Take note – story published 1 year ago

In an unexpected move that immediately injected interest into Latvia's election season, a Latvian Member of the European Parliament (MEP) has announced that she is switching her party allegiance with immediate effect.

Dace Melbārde, elected to the European Parliament as a representative of the right-of-center National Alliance in 2019 joined the centrist New Unity party on Monday, according to a release on the party website.

Melbarde's accession to New Unity was unanimously supported by the party's board – hardly surprising, as at a stroke it makes them the largest Latvian party in the European parliament with three MEPs. Previously, both New Unity and the National Alliance had two MEPs each, while Harmony also has two, Development/For! has one, and the Latvian Russian Union has one.  

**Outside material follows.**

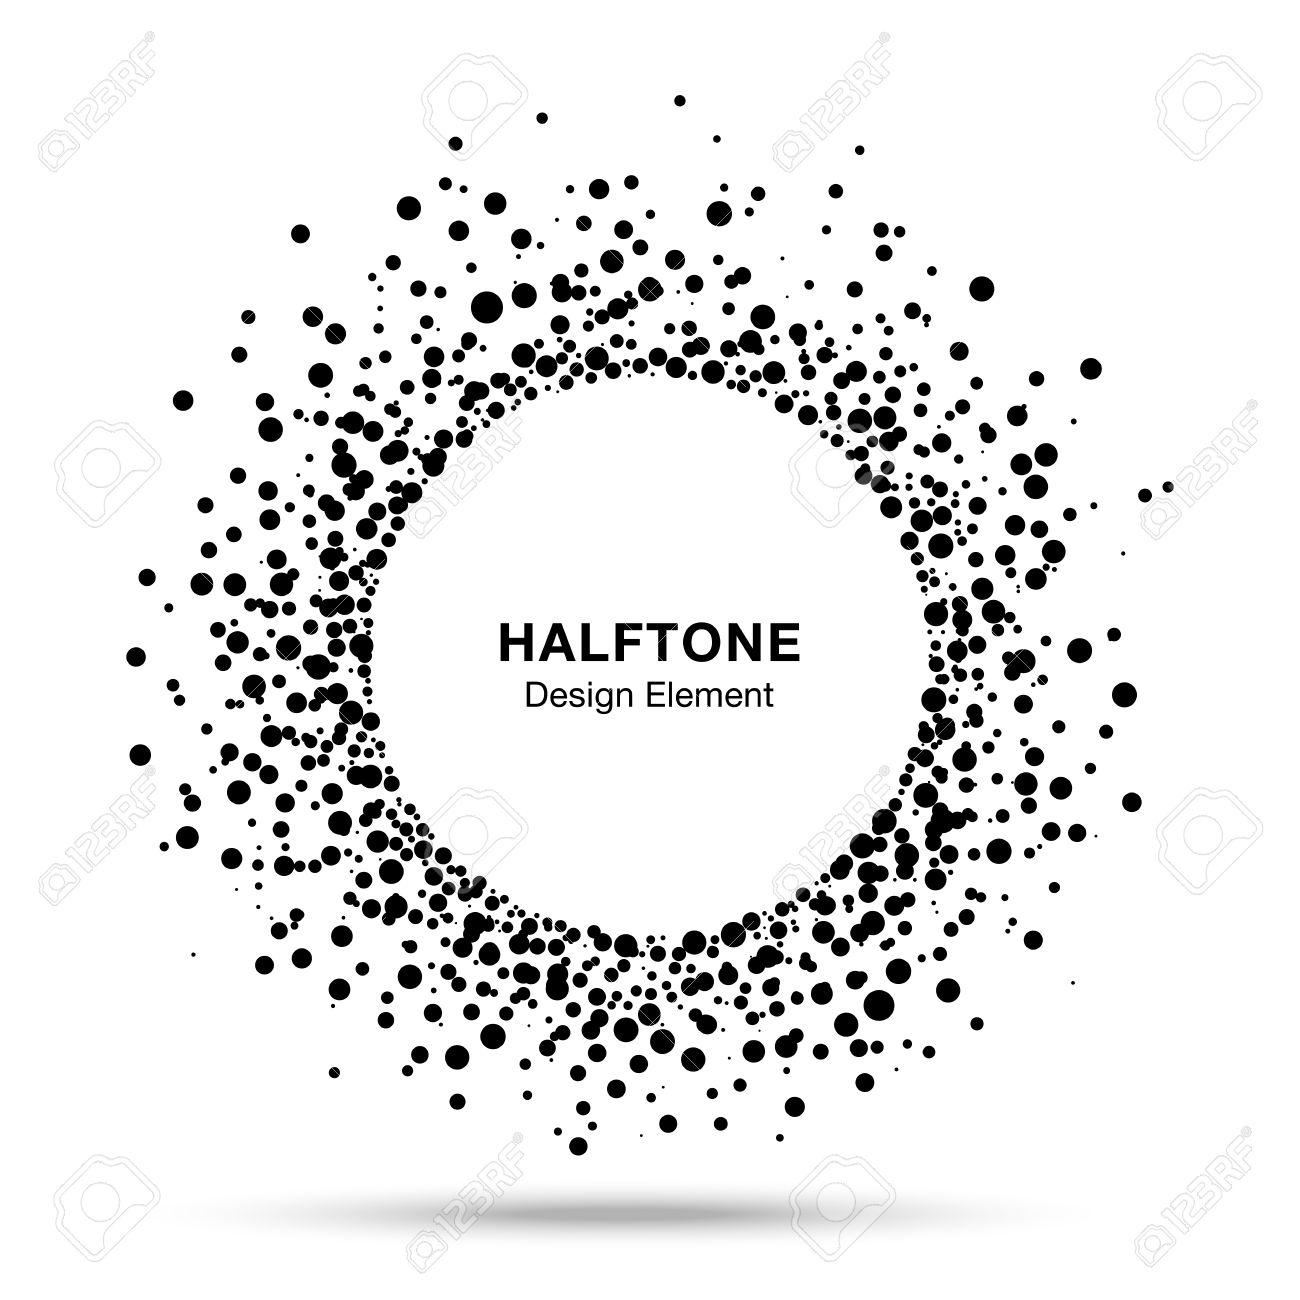 Black Abstract Halftone Logo Design Element - 33431018

"The decision to join the team of New Unity is the result of lengthy reflection, which was primarily determined by my and the party's shared vision of Latvian and European values ​​and development priorities. This vision is based on Latvia as a national, European and democratic country and a united and educated political nation, the core of which is the Latvian language as the state language, national culture and universal human values," said Melbārde.

She signalled that she had no intention of laying aside her mandate, adding: "As a member of the New Unity party, I will continue my work in the European Parliament." Her decision will also mean that the European People's Party gains a seat at the expense of the European Conservatives and Reformists.  

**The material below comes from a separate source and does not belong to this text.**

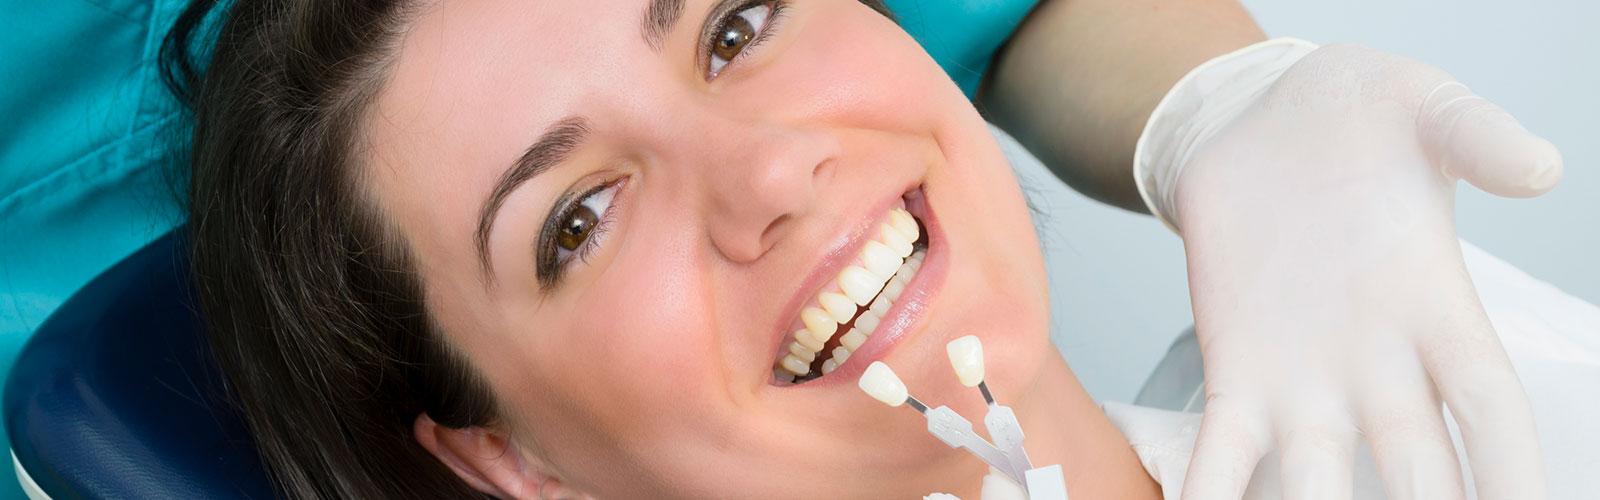 A patient trying dental veneers at Bella Hanono Family Dentistry

Inevitably, the move was welcomed by New Unity's Prime Minister Krišjānis Kariņš who said Melbārde's "political maturity is and will be important both in Latvia on a national scale and for our even stronger representation in the European Parliament."

However, the defection was met with a disappointed response from her hitherto colleague in the European Parliament, Roberts Zīle of the National Alliance. He politely stopped short of direct condemnation of the move but said on Twitter that while he valued party loyalty, he also maintained respect for those former members who had contacted him in advance to explain why they were leaving – a hint perhaps that it did not happen in this case. Nevertheless he stated his readiness to continue working alongside Melbārde in the national interest. 

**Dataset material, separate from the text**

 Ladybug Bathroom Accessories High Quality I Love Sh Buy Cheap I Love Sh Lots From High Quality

Before becoming an MEP. Melbārde was appointed as a non-party-affiliated culture minister in October 2013 in the government of Valdis Dombrovskis (New Unity), replacing Zanete Jaunzeme-Grende (National Alliance). She stayed on as culture minister in the government of Laimdota Straujuma (New Unity) in 2014 and in Māris Kučinskis' (Greens/Farmers) government in 2016.

Melbārde joined the National Alliance in February 2014 and was elected to the EP in May 2019.

The next European Parliament elections will take place in 2024. Before that, on October 1 this year, New Unity and the National Alliance will be among the parties locking horns in Saeima elections.